Oregon’s legislative session has come to a close and we’re excited to report on two major advances we’ve made by working together in CareWorks!

First, we helped empower homecare workers and consumers by eliminating non-compete agreements. Many private agencies employing homecare workers have required them to sign non-compete agreements, preventing caregivers from working through another agency where they could earn higher pay or work for other consumers. This practice, while unenforceable in court, intimidated many caregivers from seeking other positions in the field. The bill CareWorks activists helped pass prevents homecare agencies from threatening workers or consumers with a lawsuit if they decide to leave the agency for better pay, better support, or higher quality care.

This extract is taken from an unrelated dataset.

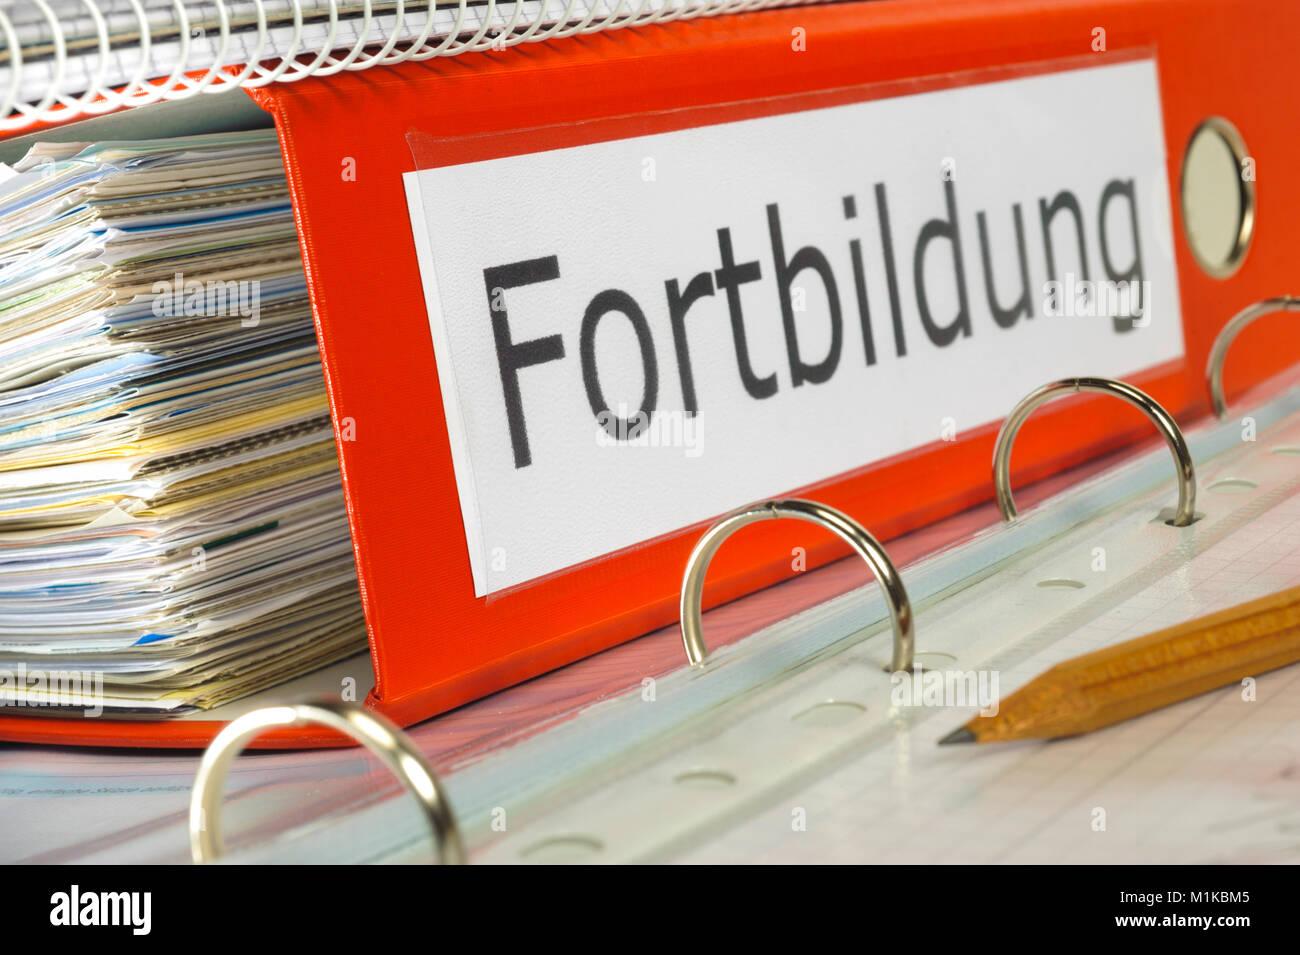 Aktenordner für Fortbildung - Wolfgang Filser [Jede Nutzung ist honorarpflichtig. Veroeffentlichung nur gegen - Stock Image

Second, we won improvements to conditions for people with intellectual and developmental disabilities and the Direct Support Professionals who provide supports in group homes. Through the efforts of hundreds of CareWorks activists, we passed a bill that will create a commission to study staffing improvements, improve wages and training for workers, and improve enforcement for abuse and other violations of the law. As a result of our efforts, the Legislature also took steps to ensure that consumers are informed about independent living options in addition to group homes.

 

Protecting public employee compensation

Legislators introduced 40 pieces of legislation this session aimed at cutting retirement benefits for public employees. None of them passed. Even on one of the final days of session, Republican legislators introduced an amendment that would have slashed retirement benefits, slashed healthcare plans, and halted salary increases. This last-minute gambit was also defeated. Our success speaks to the years of work that SEIU 503 members put into building political power through our union.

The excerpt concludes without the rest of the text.